**What needs to be done:** Skip the pictures. Quote every line below, exactly, from the one with "Alan Palomo Quote" through the final line.

**Data excerpt:**
----------

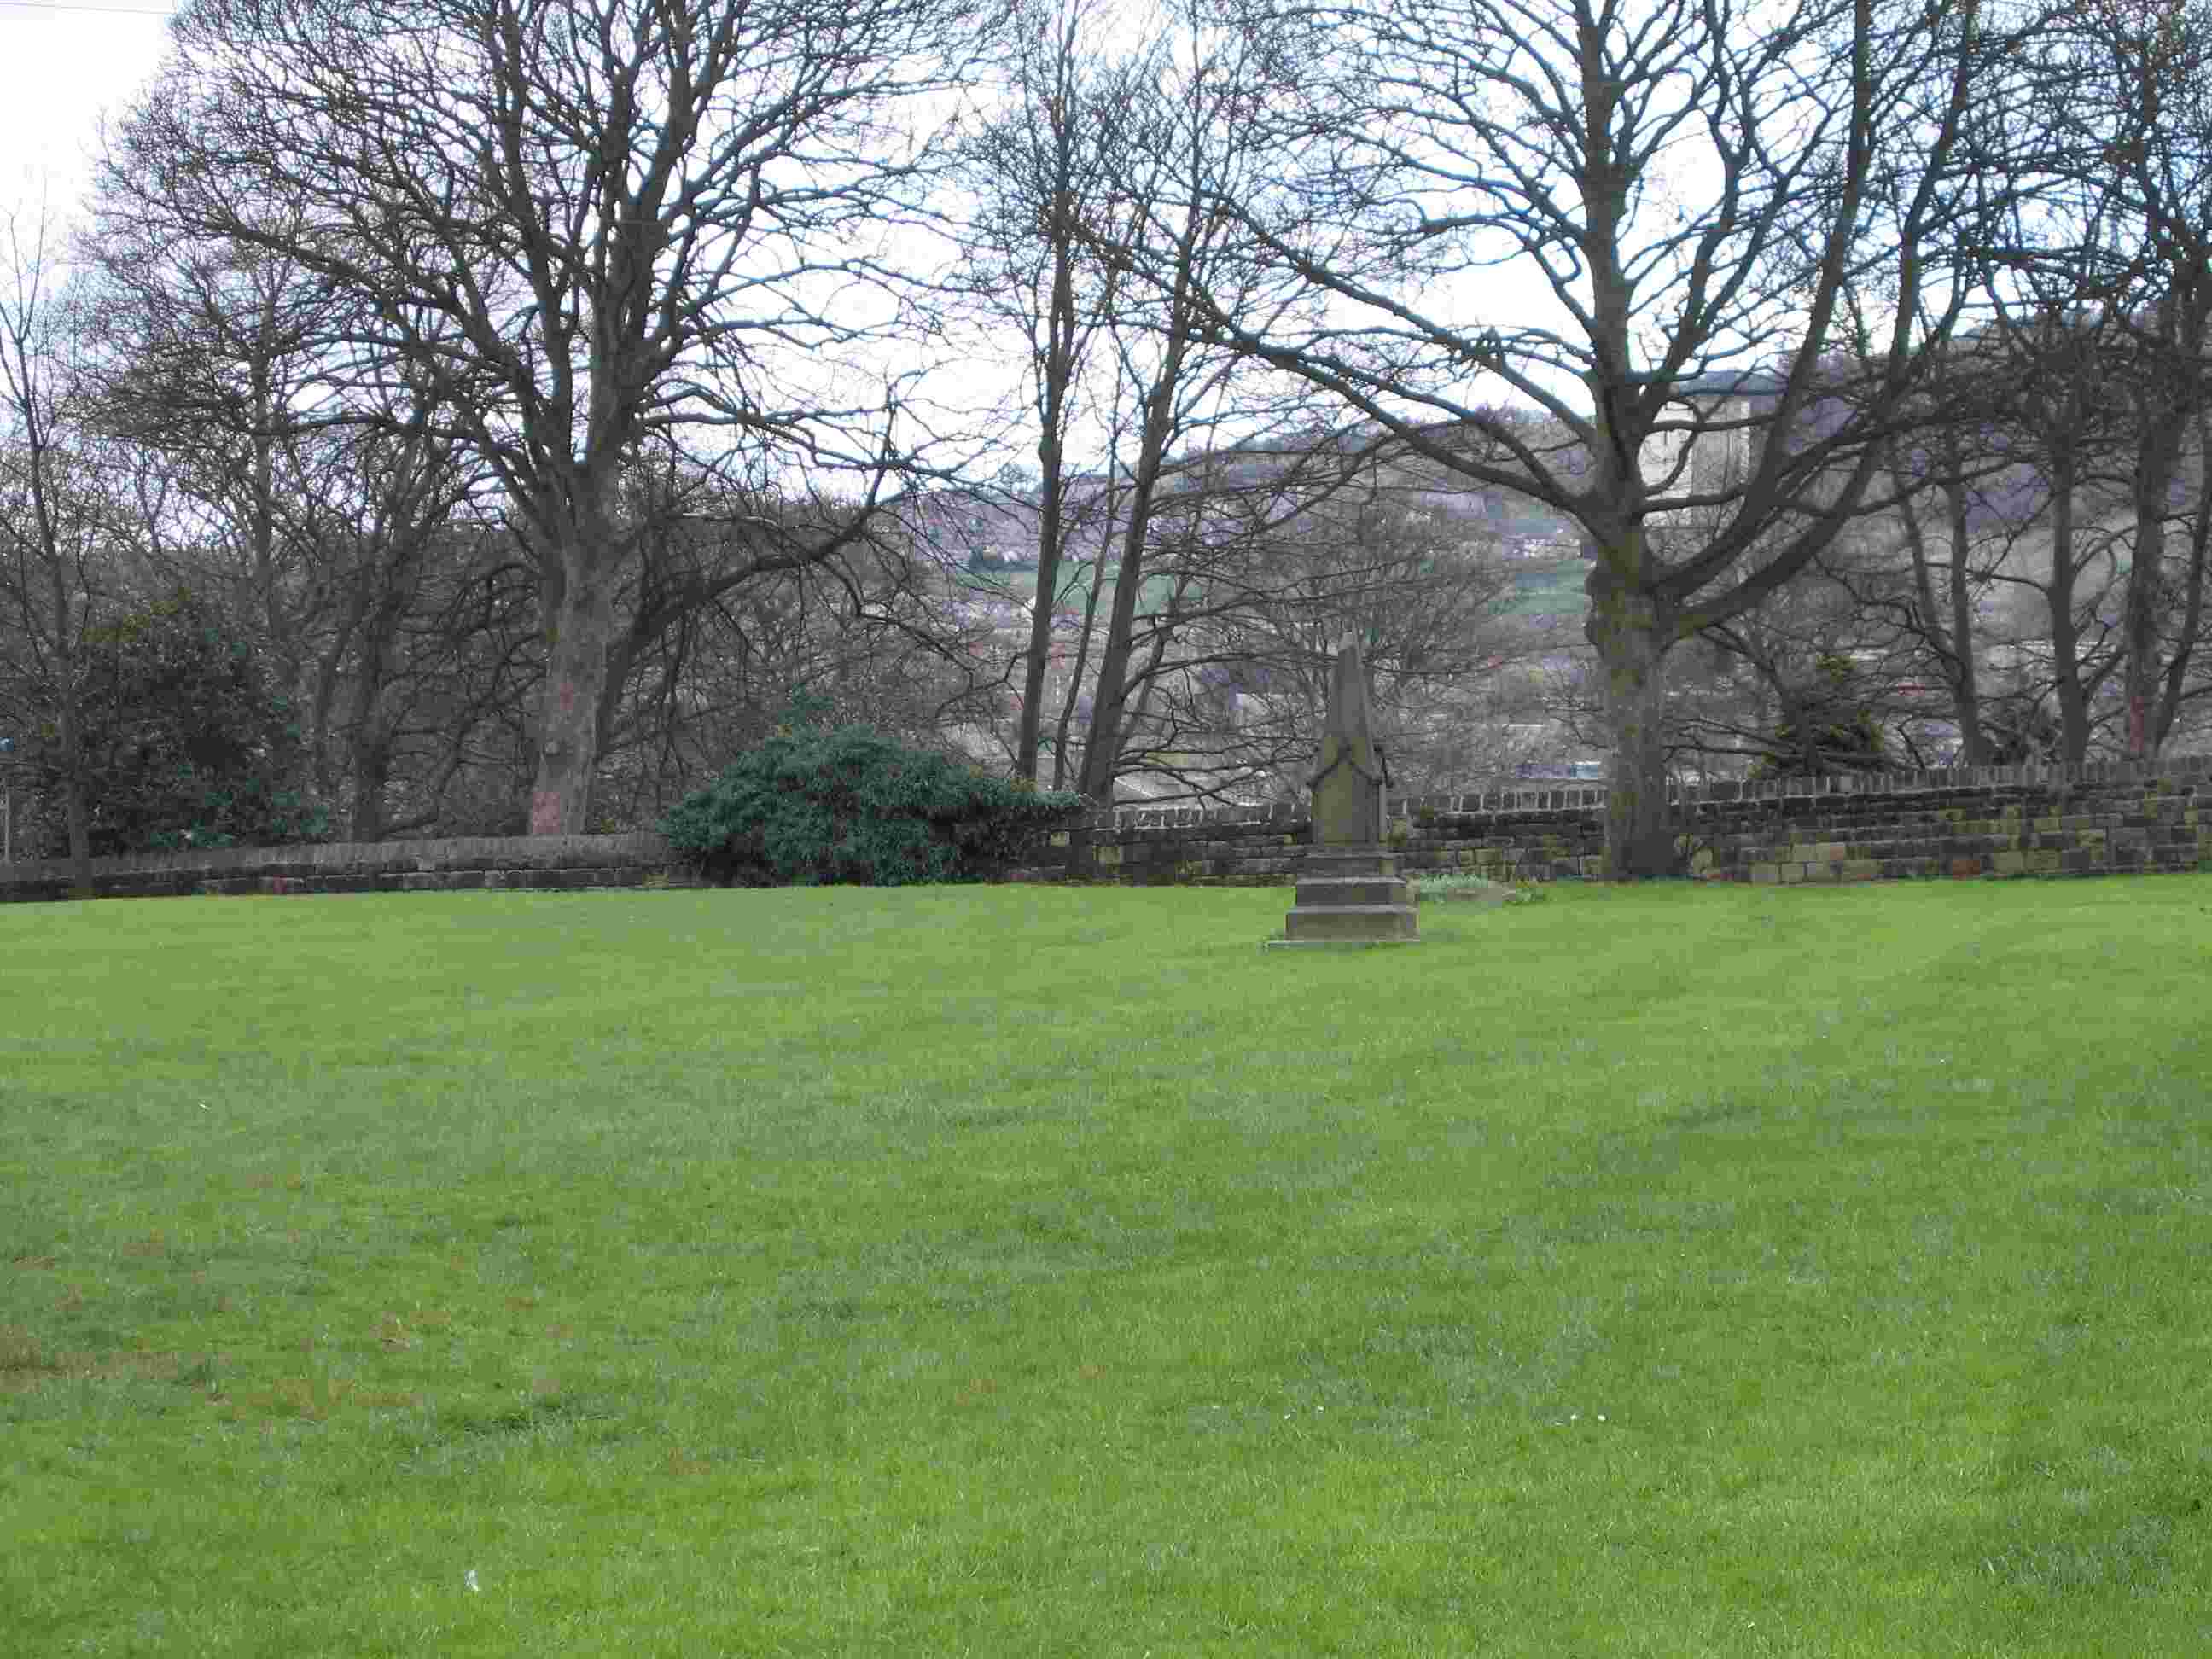 There are wide open spaces in the grounds of St Paul's Church, Shipley, Diocese of Bradford
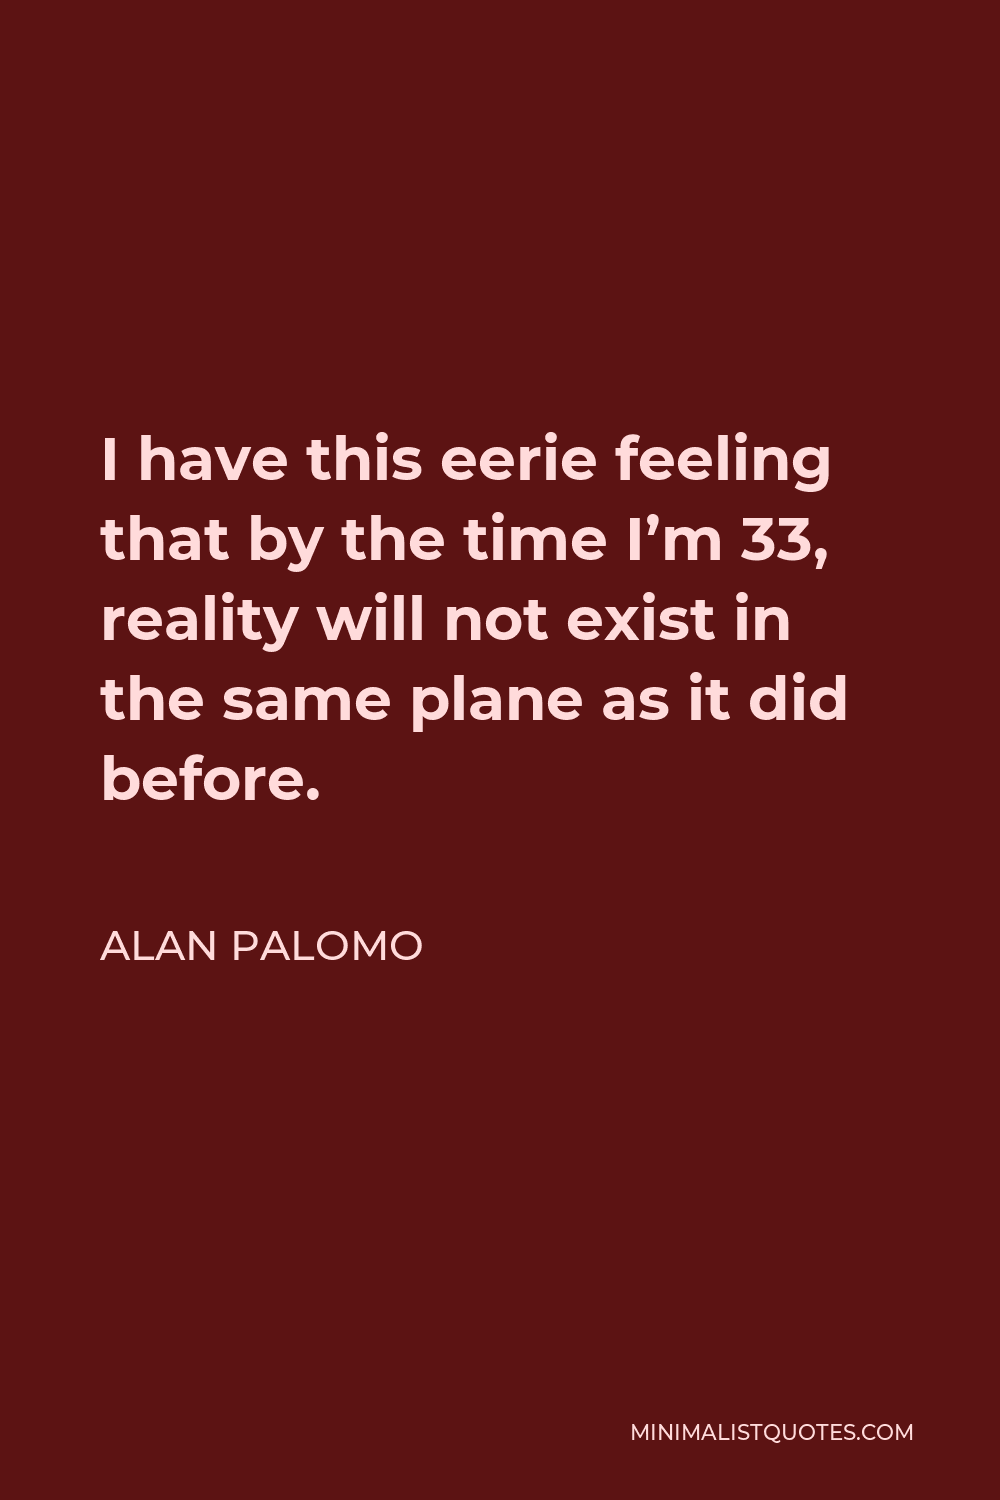 Alan Palomo Quote - I have this eerie feeling that by the time I’m 33, reality will not exist in the same plane as it did before.
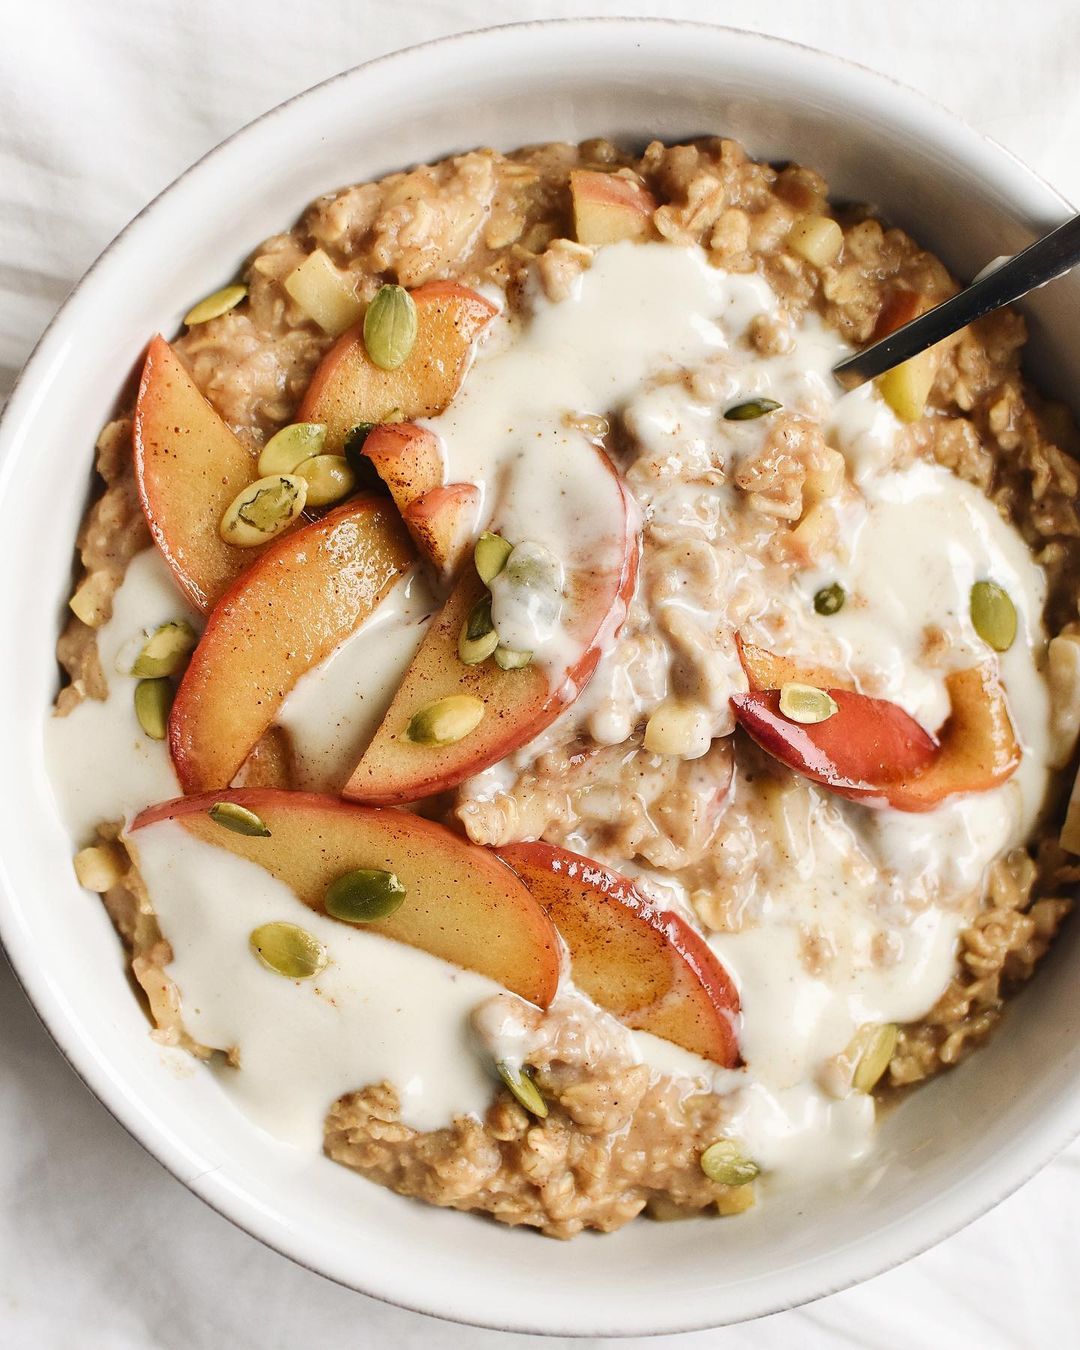 The Creamiest & Dreamiest Bowl of Oats

----------

**Expected output:**
 Alan Palomo Quote - I have this eerie feeling that by the time I’m 33, reality will not exist in the same plane as it did before.
 The Creamiest & Dreamiest Bowl of Oats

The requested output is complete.